2. Victims will be given a pin telephone number
which they will be able to call at anytime
regarding the status of their offender.
ROBERT COLE, DIRECTOR, DIVISION OF ADMINISTRATIVE SERVICES,
DEPARTMENT OF CORRECTIONS, stated that the assumption was
that the Department would use general funding to initiate
the system and for first year operations. He spoke to the
implementation costs and suggested that the fiscal note
could be slightly reduced.
Representative J. Davies MOVED to add $20 thousand dollars
to the program receipt line in anticipation that in the
fourth quarter the system would be out of funds, and then a
fraction of the need would be corrected. There was NO
OBJECTION to the fiscal note change.
Representative Foster MOVED to report HB 47 out of Committee
with individual recommendations and the accompanying fiscal
notes. There being NO OBJECTION, it was so ordered.

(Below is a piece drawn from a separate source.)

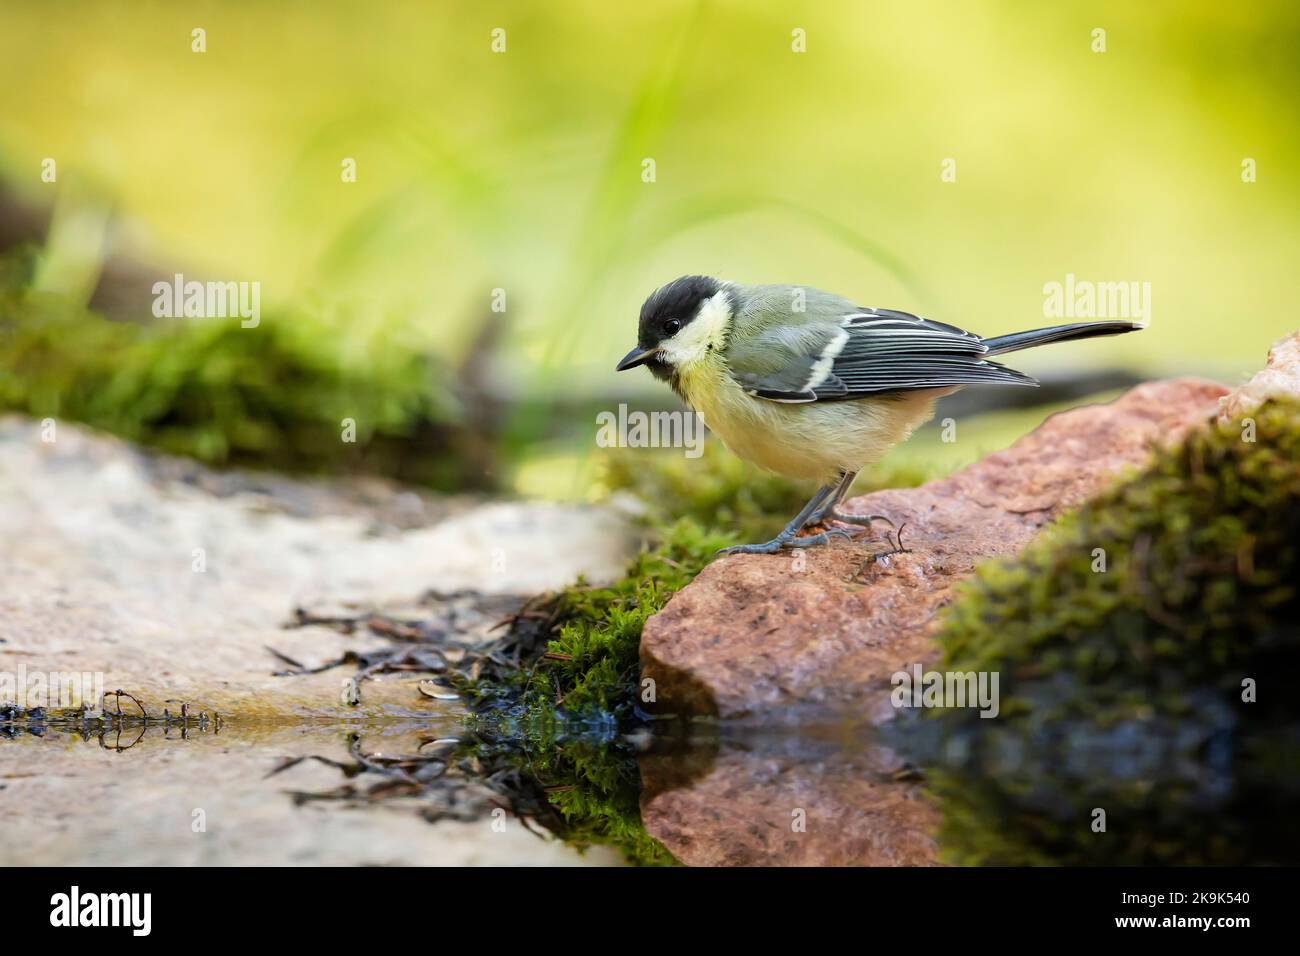 Super Til Parus Major. Oiseau de jardin, perché sur une pierre avec de la mousse près de l'eau dans un étang de forêt Banque D'Images

HB 47 was reported out of Committee with "no recommendation"
and with a House Finance Committee fiscal note and a zero
fiscal note by the Department of Public Safety.
SENATE BILL 151
"An Act relating to public employment labor relations;
relating to the protection of the rights of public
employees under the Public Employment Relations Act;
establishing ethical standards for union
representatives of public employees; and establishing
disclosure requirements for public employee labor
organizations."
ART CHANCE, COUNSEL, SENATE FINANCE COMMITTEE, LABOR
RELATIONS, provided a sectional analysis of the major
changes to the existing work draft for SB 151.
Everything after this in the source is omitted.